Assignee: GOOGLE LLC

Inventors: Asaf Aharoni, Arun Narayanan, Nir Shabat, Parisa Haghani, Galen Tsai Chuang, Yaniv Leviathan, Neeraj Gaur, Pedro J. Moreno Mengibar, Rohit Prakash Prabhavalkar, Zhongdi Qu, Austin Severn Waters, Tomer Amiaz, Michiel A. U. Bacchiani
QUANTIZATION AND SPARSITY AWARE FINE-TUNING FOR SPEECH RECOGNITION WITH UNIVERSAL SPEECH MODELS

Publication number: 20250078815

Abstract: A method includes obtaining a plurality of training samples that each include a respective speech utterance and a respective textual utterance representing a transcription of the respective speech utterance. The method also includes fine-tuning, using quantization and sparsity aware training with native integer operations, a pre-trained automatic speech recognition (ASR) model on the plurality of training samples. Here, the pre-trained ASR model includes a plurality of weights and the fine-tuning includes pruning one or more weights of the plurality of weights using a sparsity mask and quantizing each weight of the plurality of weights based on an integer with a fixed-bit width. The method also includes providing the fine-tuned ASR model to a user device.

Type: Application

Filed: September 5, 2024

Publication date: March 6, 2025

Applicant: Google LLC

Inventors: Shaojin Ding, David Qiu, David Rim, Amir Yazdanbakhsh, Yanzhang He, Zhonglin Han, Rohit Prakash Prabhavalkar, Weiran Wang, Bo Li, Jian Li, Tara N. Sainath, Shivani Agrawal, Oleg Rybakov
SPEECH RECOGNITION WITH SEQUENCE-TO-SEQUENCE MODELS

Publication number: 20240420686

Abstract: A method for performing speech recognition using sequence-to-sequence models includes receiving audio data for an utterance and providing features indicative of acoustic characteristics of the utterance as input to an encoder. The method also includes processing an output of the encoder using an attender to generate a context vector, generating speech recognition scores using the context vector and a decoder trained using a training process, and generating a transcription for the utterance using word elements selected based on the speech recognition scores.
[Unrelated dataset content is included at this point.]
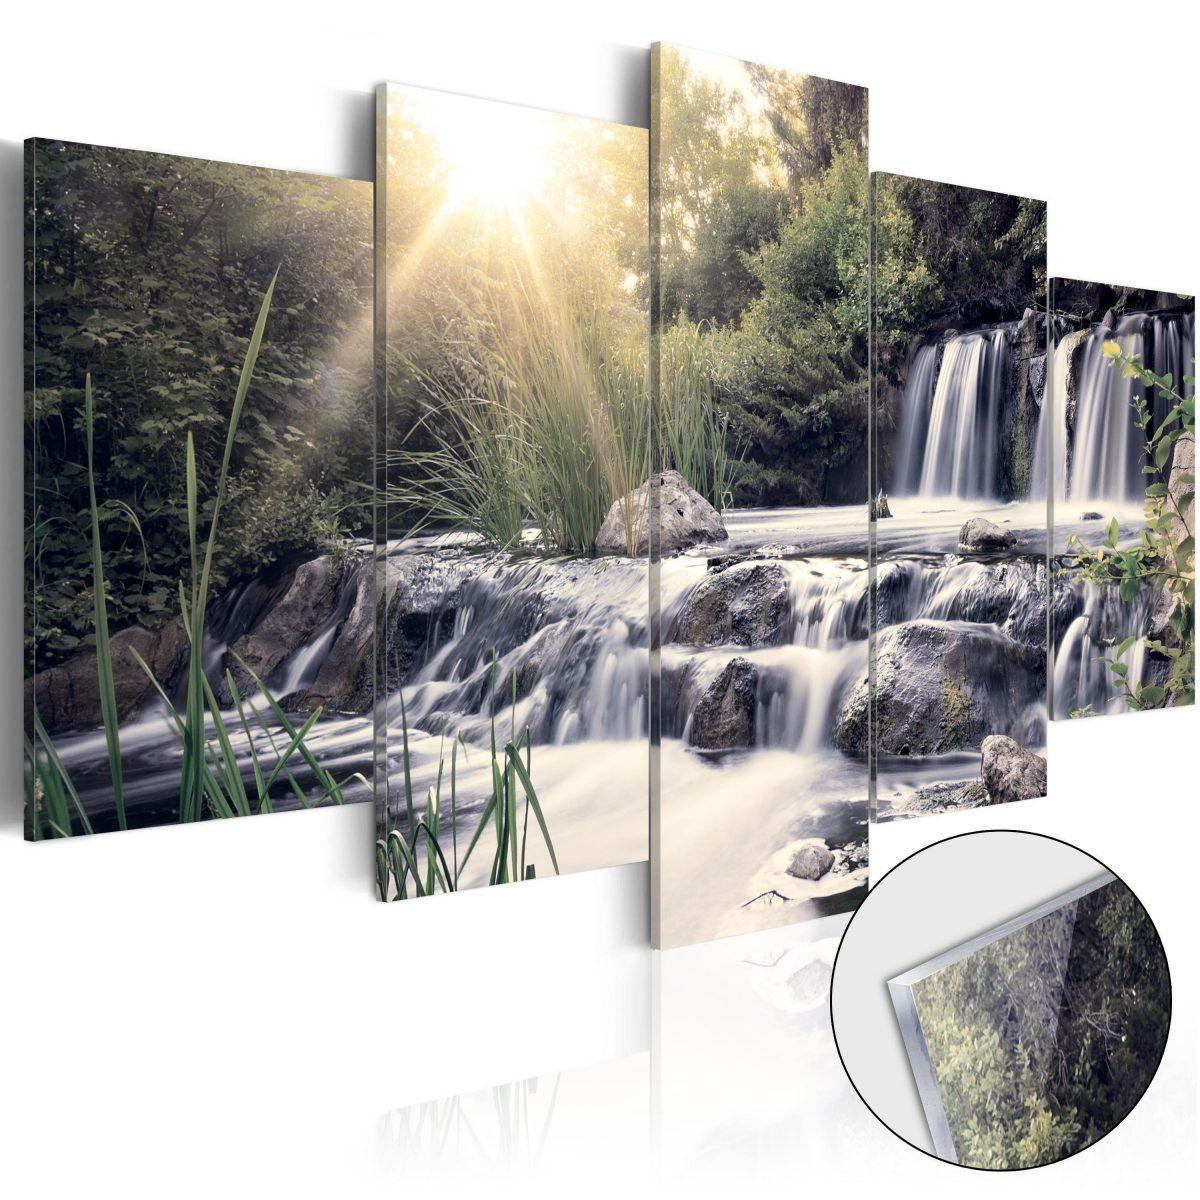 Tavla i akrylglas - Waterfall of Dreams - 200x100

The transcription is provided as an output of the ASR system.

Type: Application

Filed: August 26, 2024

Publication date: December 19, 2024

Applicant: Google LLC

Inventors: Rohit Prakash Prabhavalkar, Zhifeng Chen, Bo Li, Chung-Cheng Chiu, Kanury Kanishka Rao, Yonghui Wu, Ron J. Weiss, Navdeep Jaitly, Michiel A. U. Bacchiani, Tara N. Sainath, Jan Kazimierz Chorowski, Anjuli Patricia Kannan, Ekaterina Gonina, Patrick An Phu Nguyen
Selective Illumination of a Spatial Light Modulator

Publication number: 20240411216

Abstract: A display system includes a segmented light source including a plurality of separately controlled segments to emit light, optics to direct the light, and a spatial light modulator (SLM) to modulate the light from the light source, wherein the light from one or more of the plurality of segments from the segmented light source are directed to the SLM through the optics, such that spatial mapping from the segments to the SLM is maintained.

Type: Application

Filed: June 6, 2024

Publication date: December 12, 2024

Applicant: Avegant Corp.

Inventors: Aaron Matthew Eash, Andrew John Gross, Christopher David Westra, Edward Chia Ning Tang, Kripa Bharat Patel, Rohit Prakash, William Tze-Tse Chien
Multi-mode display

Patent number: 12154519

Abstract: A multi-mode display includes a mode selector to select one of a plurality of modes, each of the modes having a different light configuration, wherein one mode comprises a reduced color space mode, and one or more light sources controlled by the mode selector, the one or more light sources used to display content to a user with the multi-mode display.

Type: Grant

Filed: April 4, 2023

Date of Patent: November 26, 2024

Assignee: Avegant Corp.

Inventors: Aaron Matthew Eash, Edward Chia Ning Tang, Warren Cornelius Welch, III, Christopher David Westra, Rohit Prakash, William Tze-Tse Chien
CONTEXTUAL BIASING FOR SPEECH RECOGNITION

Publication number: 20240379095

Abstract: A method includes receiving audio data encoding an utterance and obtaining a set of bias phrases corresponding to a context of the utterance. Each bias phrase includes one or more words. The method also includes processing, using a speech recognition model, acoustic features derived from the audio to generate an output from the speech recognition model. The speech recognition model includes a first encoder configured to receive the acoustic features, a bias encoder configured to receive data indicating the obtained set of bias phrases, a bias encoder, and a decoder configured to determine likelihoods of sequences of speech elements based on output of the first attention module and output of the bias attention module. The method also includes determining a transcript for the utterance based on the likelihoods of sequences of speech elements.

Type: Application

Filed: July 23, 2024

Publication date: November 14, 2024

Applicant: Google LLC

Inventors: Rohit Prakash Prabhavalkar, Golan Pundak, Tara N. Sainath
Speech recognition with sequence-to-sequence models

Patent number: 12106749

Abstract: A method for performing speech recognition using sequence-to-sequence models includes receiving audio data for an utterance and providing features indicative of acoustic characteristics of the utterance as input to an encoder. The method also includes processing an output of the encoder using an attender to generate a context vector, generating speech recognition scores using the context vector and a decoder trained using a training process, and generating a transcription for the utterance using word elements selected based on the speech recognition scores. The transcription is provided as an output of the ASR system.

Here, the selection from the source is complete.